Other proteins involved in signalling of DSB damage include the MRE11-RAD50-NBS1 (MRN) complex which has been shown to act both upstream of ATM, with NBS1 responsible for the activation of ATM, and downstream of ATM, leading to the activation of DSB repair by homologous recombination or non-homologous end joining. DSB are also formed during mitosis when replication forks arrest and the MRN complex has also been implicated in the signalling pathway for the detection of these collapsed replication forks [8]. The MRN complex is involved in G1/S cell cycle checkpoint activation and can phosphorylate Chk2 [9], while Chk1, involved in the G2/M checkpoint, is phosphorylated by ATM or ATR in response to DNA damage [10, 11]. Telomere integrity is important for genomic stability, and cells deficient in ATM or MRE11 have shortened telomeres [12]. ATM and the MRN complex are thought to be involved in telomere stabilization by preventing fusion between the free ends of the chromosomes [13]. H2AX is rapidly phosphorylated at the sites of DSB and is important for the recruitment of repair proteins [14]. Interestingly, MRE11, ATM and H2AX are located on the long arm of chromosome 11. MRE11 is located at 11q21, ATM at 11q22.3 and H2AX at 11q23.2-23.3.

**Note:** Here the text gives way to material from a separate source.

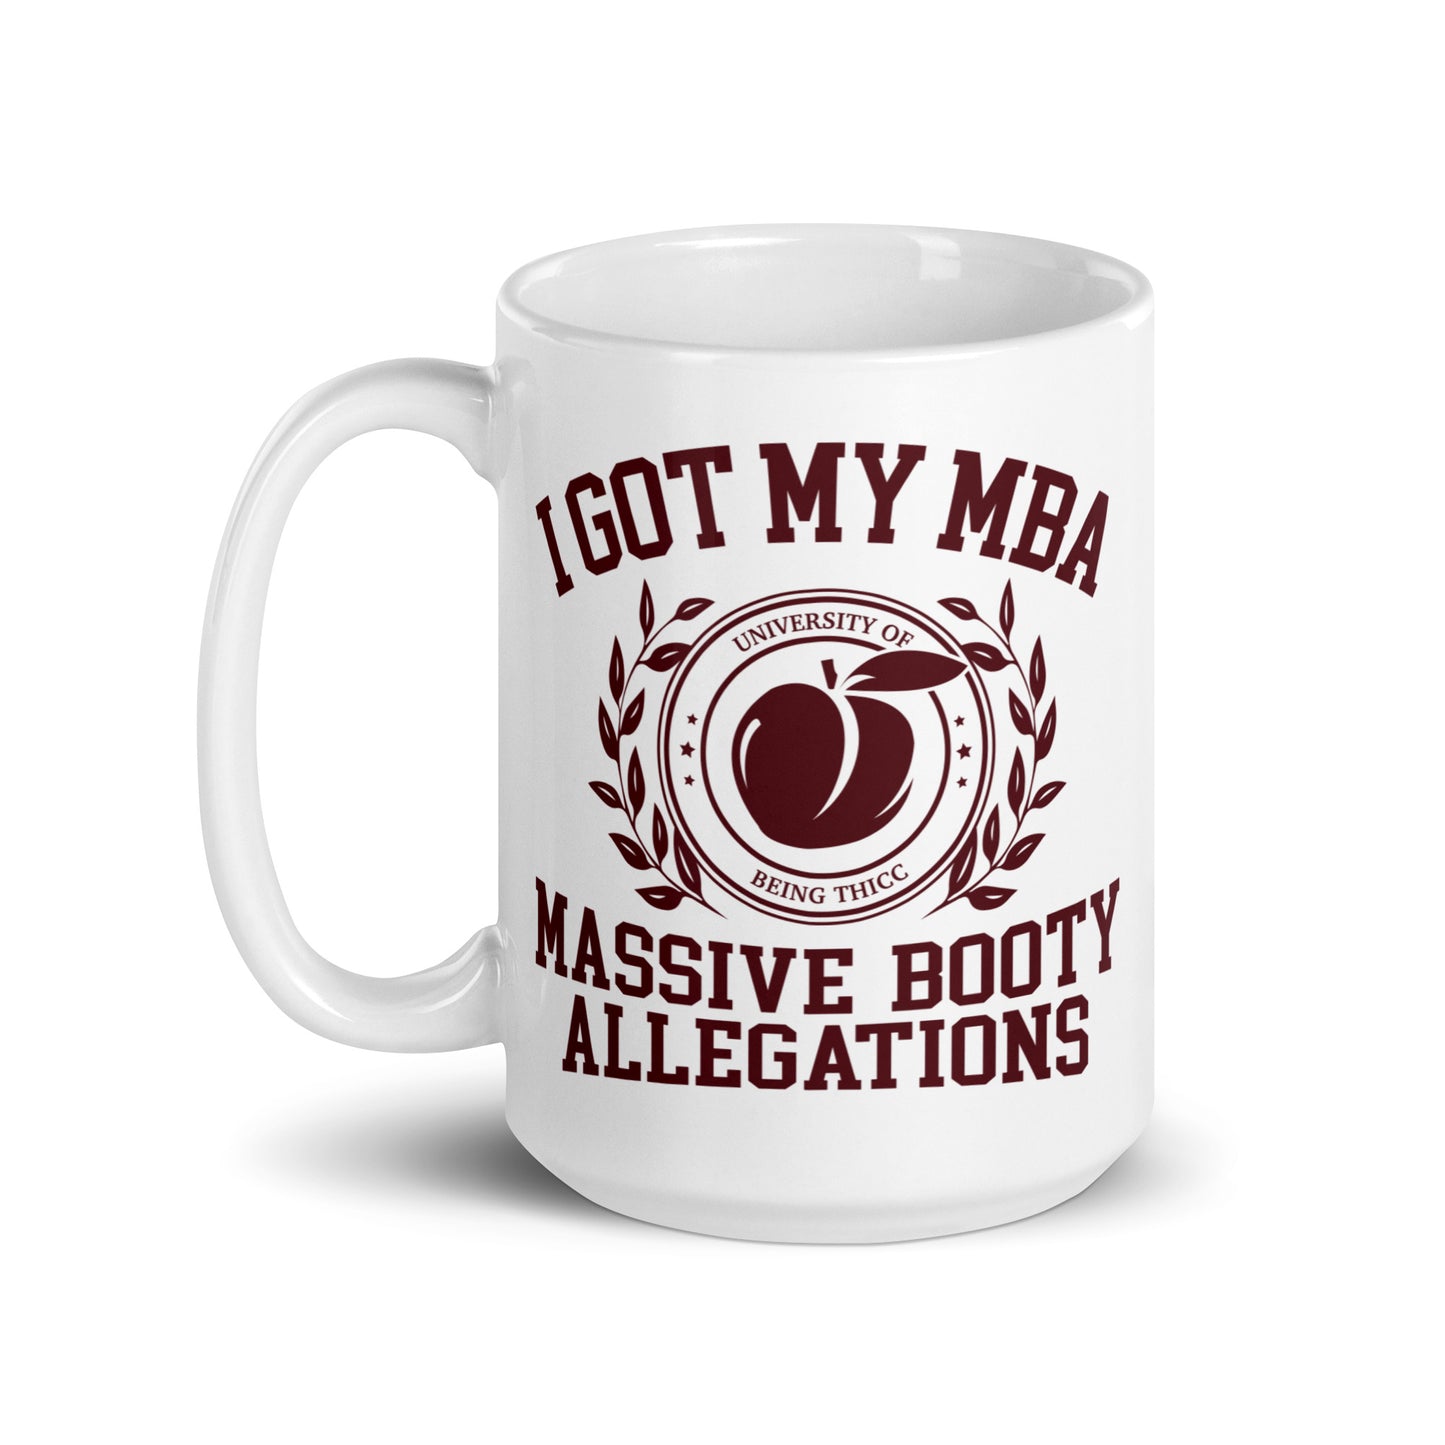 Massive Booty Allegations mug

Compared to the small proportion of cancers associated with high penetrance mutations, the majority of cancers are thought to be caused by a combination of low penetrance genes and environmental factors. Single nucleotide polymorphisms (SNPs) are found in numerous DNA repair genes in the general population. Individuals vary markedly in their intrinsic DNA repair capacity and there is evidence that decreased repair capacity is associated with increased cancer risk [6, 15]. SNPs in the DNA repair signalling genes may account for some of this variation [16].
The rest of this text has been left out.